A recent edition of The Early Music Show on Radio 3 focused on the music of Latin America and had a segment on the soundscapes of ancient meso-American and Andean cultures. Music archaeologists Matthias Stöckli and Alexander Herrera described the way musical instruments were drawn from the landscape - llama hoof drums, bone flutes, turtle shells - and used in rituals to encourage fertile crops. Sixteenth century dictionaries describe a Mayan shell horn trumpet that would promote the "greening of the fields". In the Andes, music and dance were associated with the changing seasons. They provided a way of communicating with ancestors, particularly through echoes. 

"...So the echoes of the instruments in the landscape are a way of communicating with the landscape, of making those sacred mountains speak to you. We find it in caves, we find it in spaces with rock art, which have a particular sound to them. They also have names. [One of these denoted] a place with a very special soundscape and that soundscape was made to resonate at specific times of the year with specific instruments..."


Andean musical instruments
Source: Wikimedia Commons (Andean Culture History by Wendell Clark Bennett)

Whenever I come across something like this, from a field of knowledge I know nothing about, I find myself trawling the internet for information and hoping it will lead to unfamiliar intersections between culture and landscape. You can find a lot online about the wind and percussion instruments of Latin America but what interests me is the way that the wider landscape would have featured in performance. The Met website has an article on ancient Andean music and mentions the ceremonial centre of Chavín de Huántar, where 'engraved stone slabs surrounding a sunken circular court show elaborately dressed figures walking in procession and carrying ritual objects such as spondylus shells, hallucinogenic cactus stalks, and shell trumpets.' There is website devoted to the Chavín de Huántar Archaeological Acoustics project where you can watch a short video and hear the sound of a pututu conch shell trumpet.
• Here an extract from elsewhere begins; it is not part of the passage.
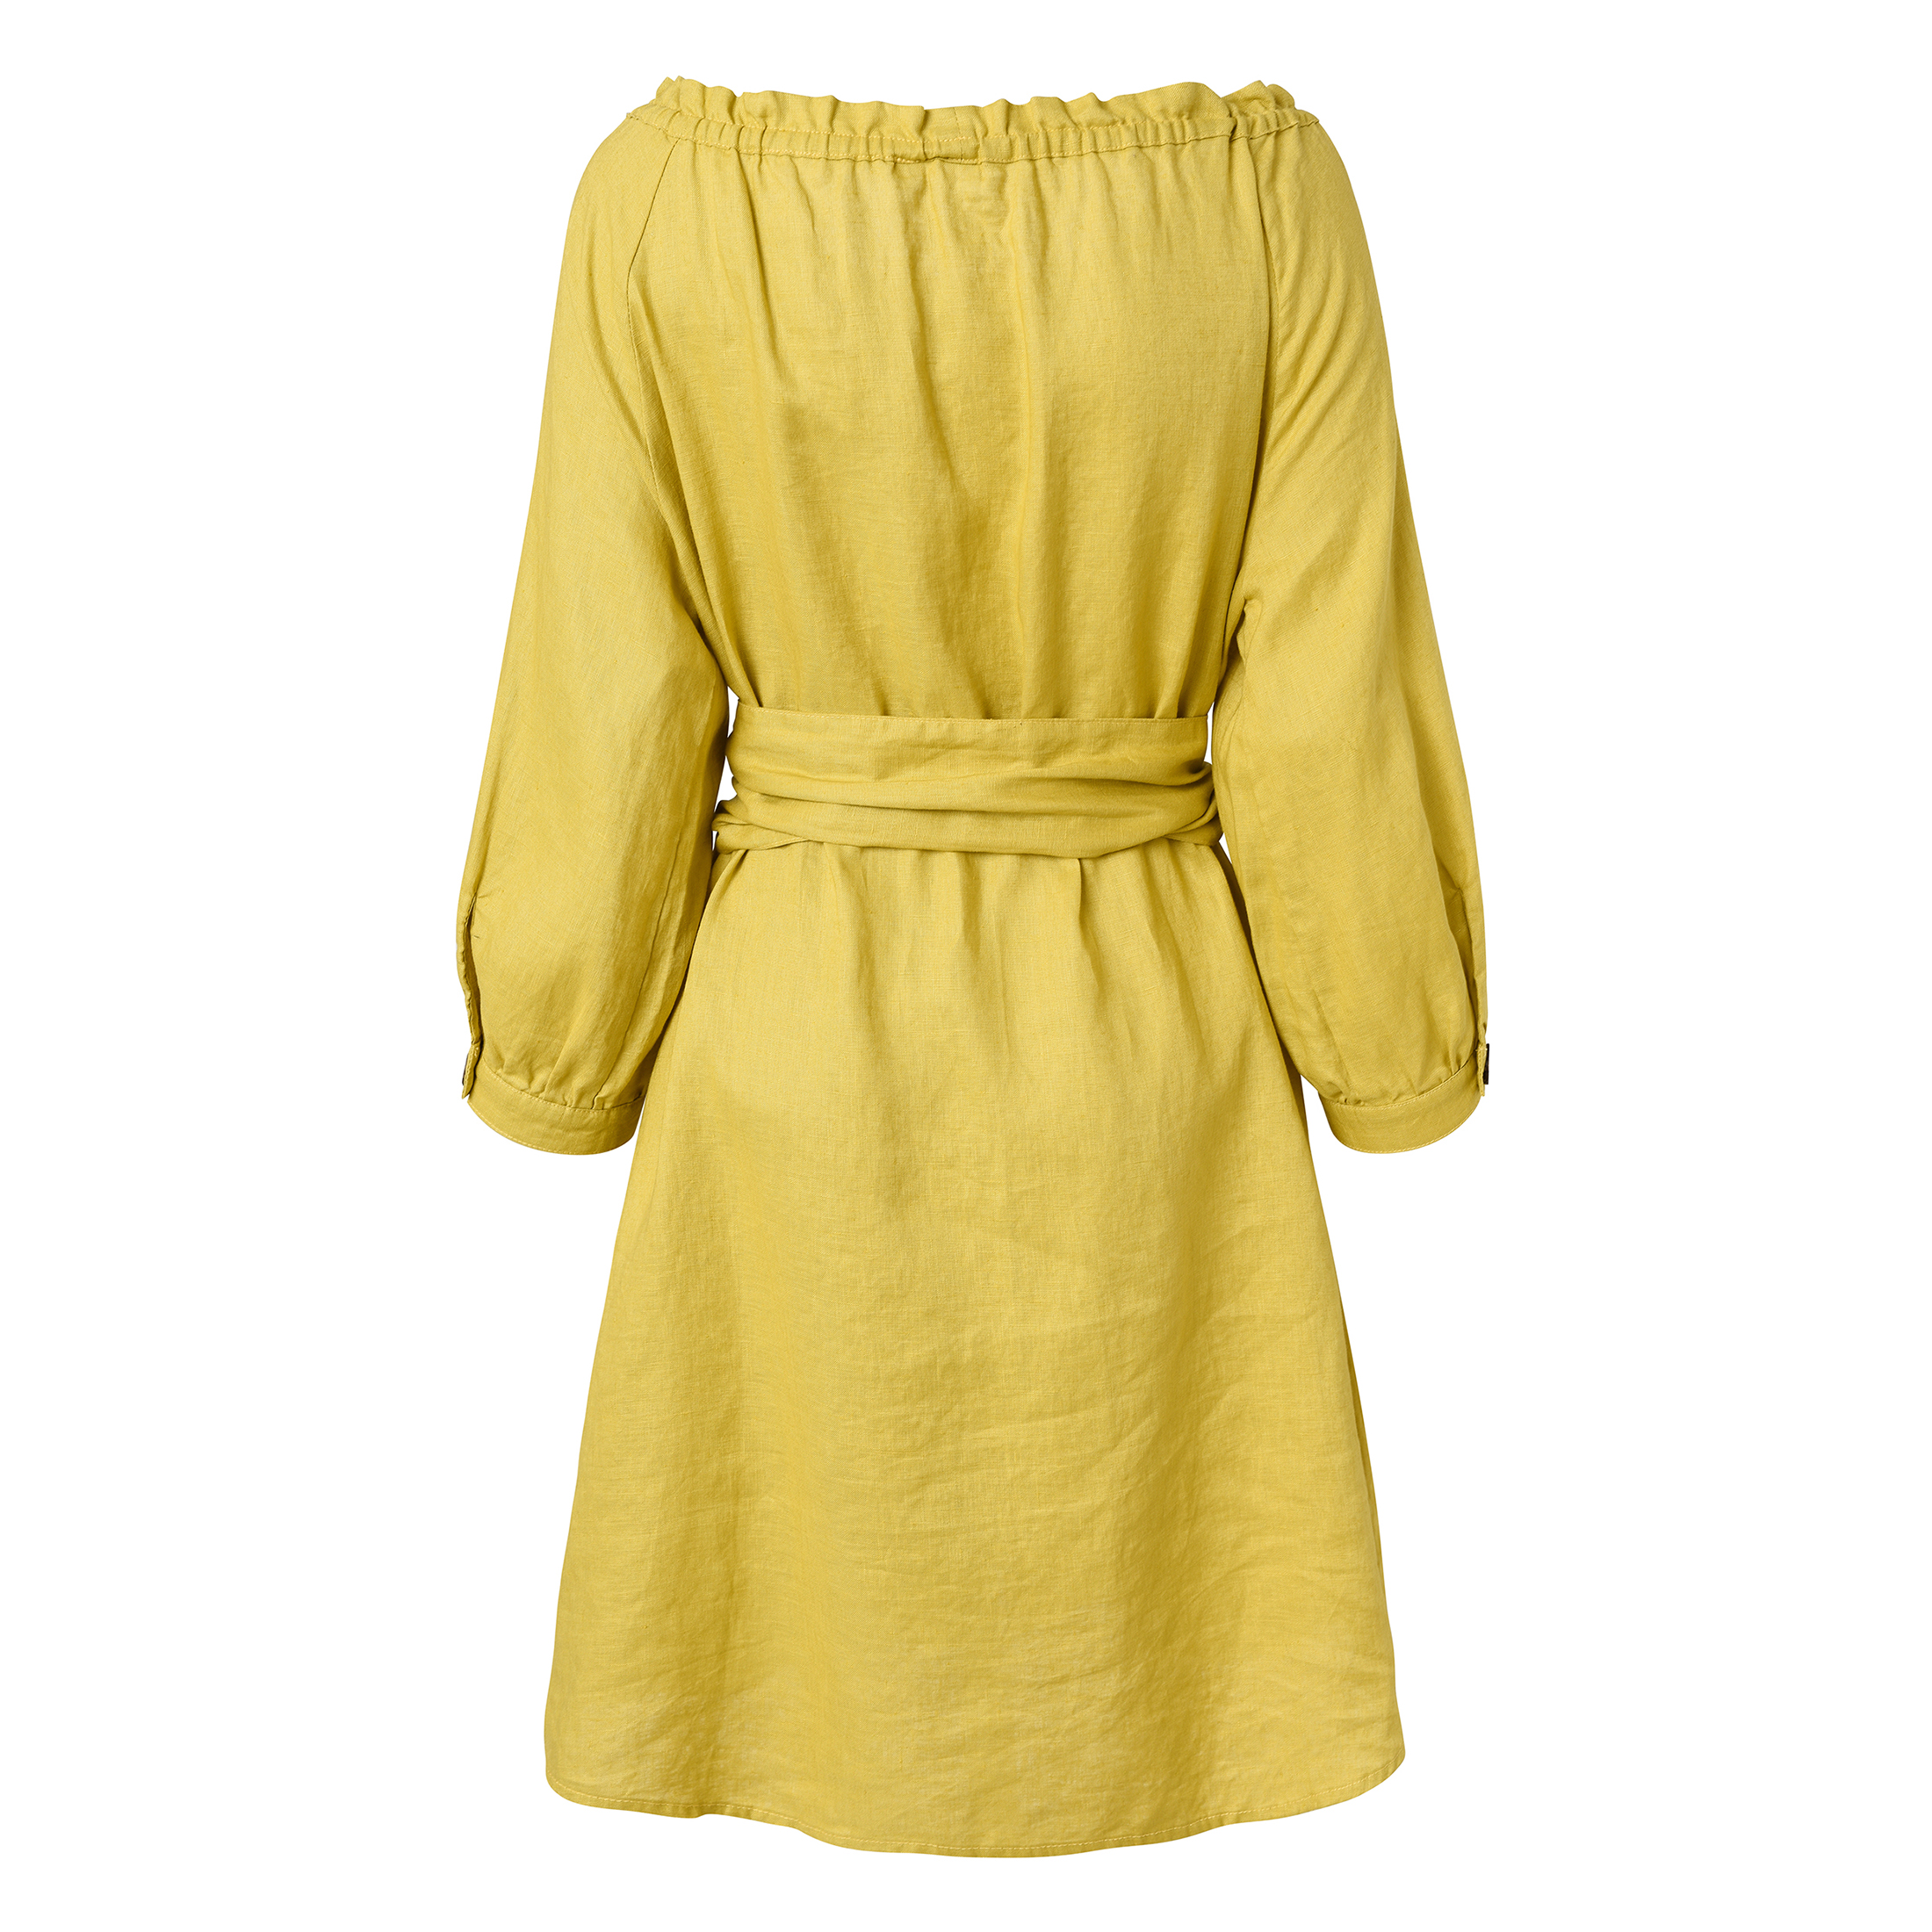 Fashion Women's Dress - New Design Long Summer Dress with Soft Linen Fabric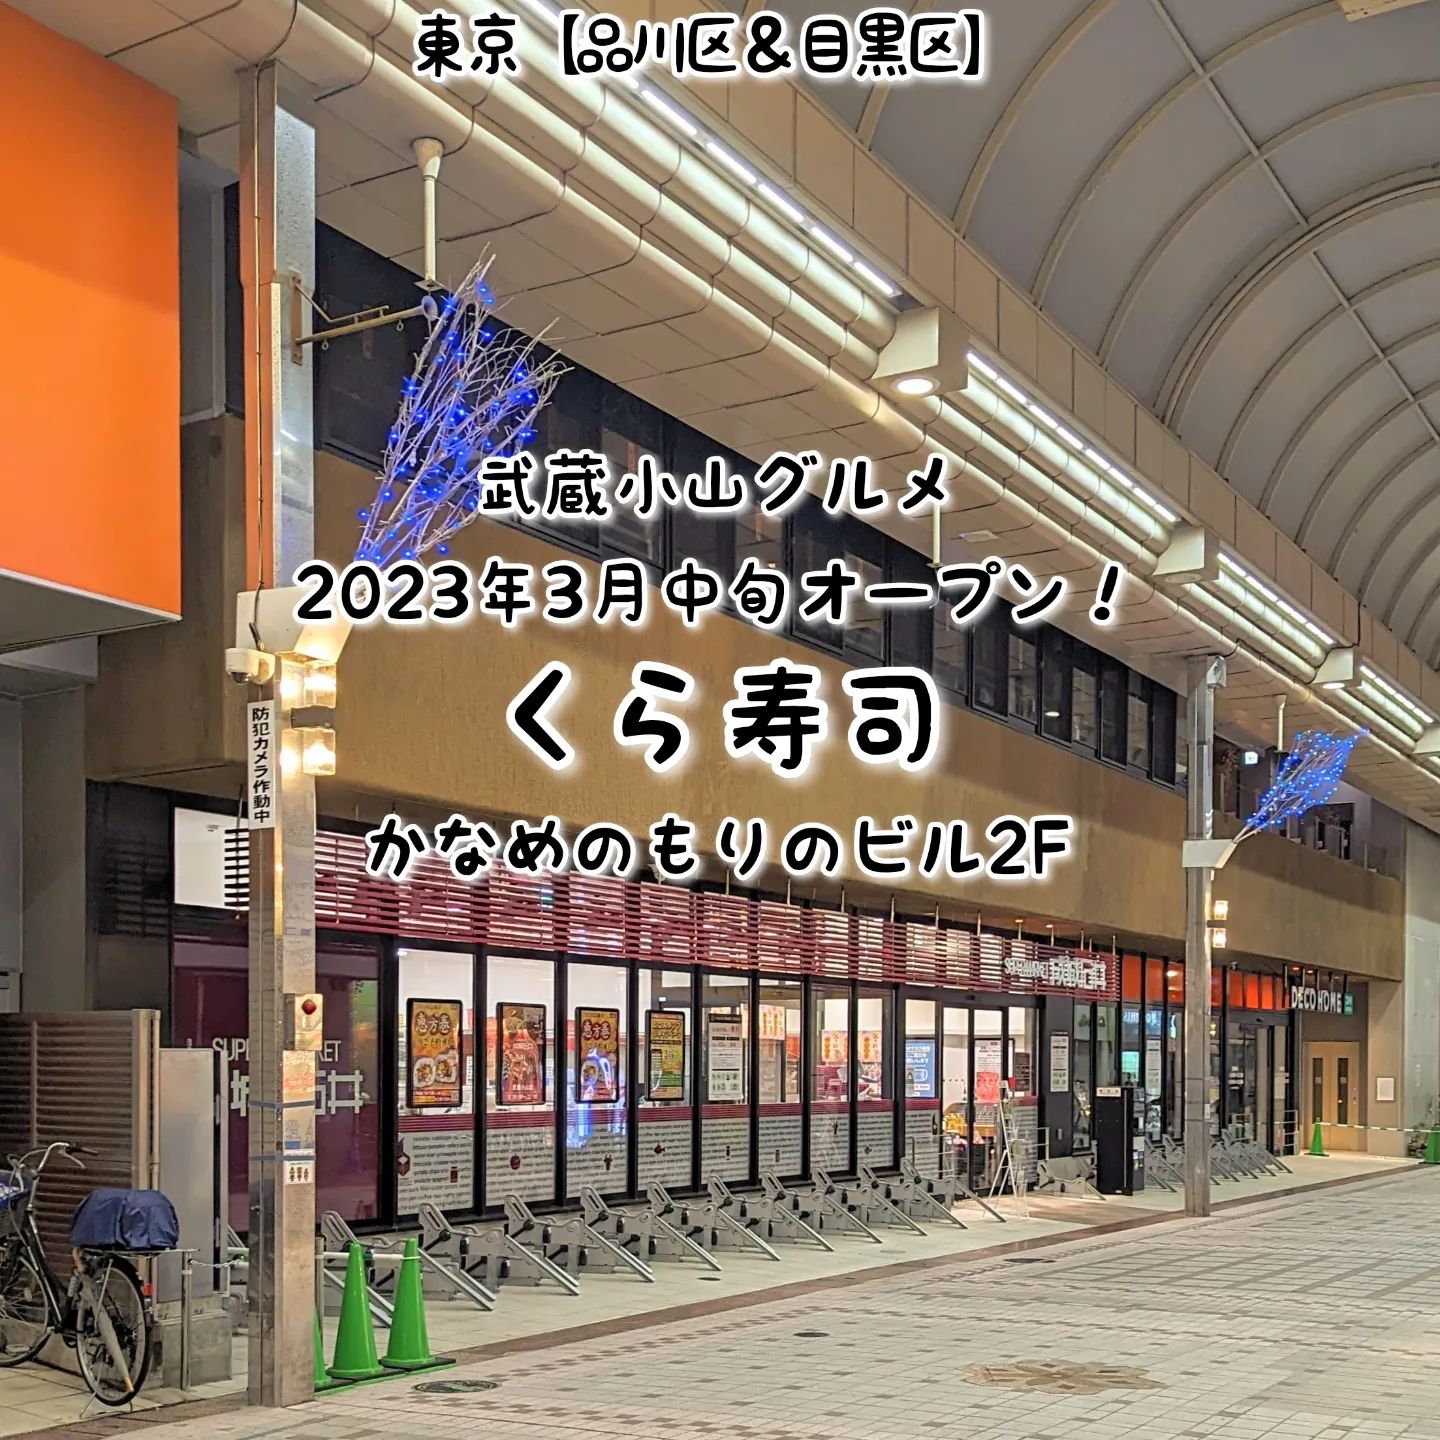 #武蔵小山新店情報「 #くら寿司 」2023年3月中旬オープン予定！安心・美味しい・安いをコンセプトにした噂の寿司屋がついに武蔵小山へきますね！これはビッくらポンで忙しくなりそうでございます。場所は、武蔵小山駅からパルム商店街を中原街道方面へずっと進んで、アーケード終わりが見え始めたら左手側にあるかなめのもりのビル2階にございます。成城石井の入ったビルでございますね。【侍猫を応援】インスタだけでなくメインサイトも沢山見ていただくと侍猫がさらに元気になって武蔵小山グルメをもっと食べ歩きます！（追加画像＆地図あり！）※メインサイトへの移動はプロフィールのURLが簡単！→ @musashikoyama.news →https://musashikoyama.samuraicat.jp/ 【侍猫に連絡】気になるお店や新メニュー情報などお気軽にDMください！気まぐれに投稿いたします！もちろんお仕事の依頼も受付中でございます。#武蔵小山 #武蔵小山情報 #武蔵小山ランチ #武蔵小山商店街  #武蔵小山グルメ #武蔵小山カフェ #西小山 #戸越銀座 #不動前 #碑文谷 #戸越 #中延  #荏原中延 #目黒本町 #品川 #品川区 #品川グルメ #目黒 #目黒区 #目黒グルメ #東京 #東京グルメ #新店 #新店オープン #武蔵小山新店 #武蔵小山オープン #武蔵小山寿司屋 #寿司

But these shells were not taken from the local landscape, they were obtained through long-distance trade. So really this would have been the opposite of music attuned to nature: the sound of the conch shell has been a means of summoning people in many cultures (as readers of Lord of the Flies are aware) and here it would have cut across the soundscape, collapsed distance and, like Wallace Stevens' jar in Tennessee, taken dominion everywhere.

One writer I have come across with help from Google is Henry Stobart, a Reader in Music and Ethnomusicology at Royal Holloway, who has written about traditional music in Bolivia. I will quote here one interesting paragraph, pointing to the importance of landscape features. Stobart has a whole chapter on Andean sirenas in an anthology of essays, Music of the Sirens.

During feasts people may also dance for many miles across the landscape, singing and playing instruments as they go, as they make a tour of community boundaries, undertake pilgrimages, or visit particular homesteads. The lyrics of the songs they perform on such journeys may also reference a range of features of the landscape. Links between music and landscape are made especially explicit in rural discourses about sirinus or sirenas, spirit beings that are typically associated with specific places in the landscape, such as waterfalls, springs, rocks or caves. While living over several years, during the 1990s, in the rural community of Kalankira in the Macha region of Northern Potosí, I was often told that all music ultimately comes from the sirinus. And, just as music comes from these spirit beings of the landscape, it was also often played back as consuelo or “consolation” to the powers of the “animated” landscape that ensure human welfare. On many occasions I joined friends in Kalankira to play music in the landscape, focusing our attention on particular rocks, corrals or other places that were seen to ensure the welfare and reproduction of the herds, rather than on any human audience.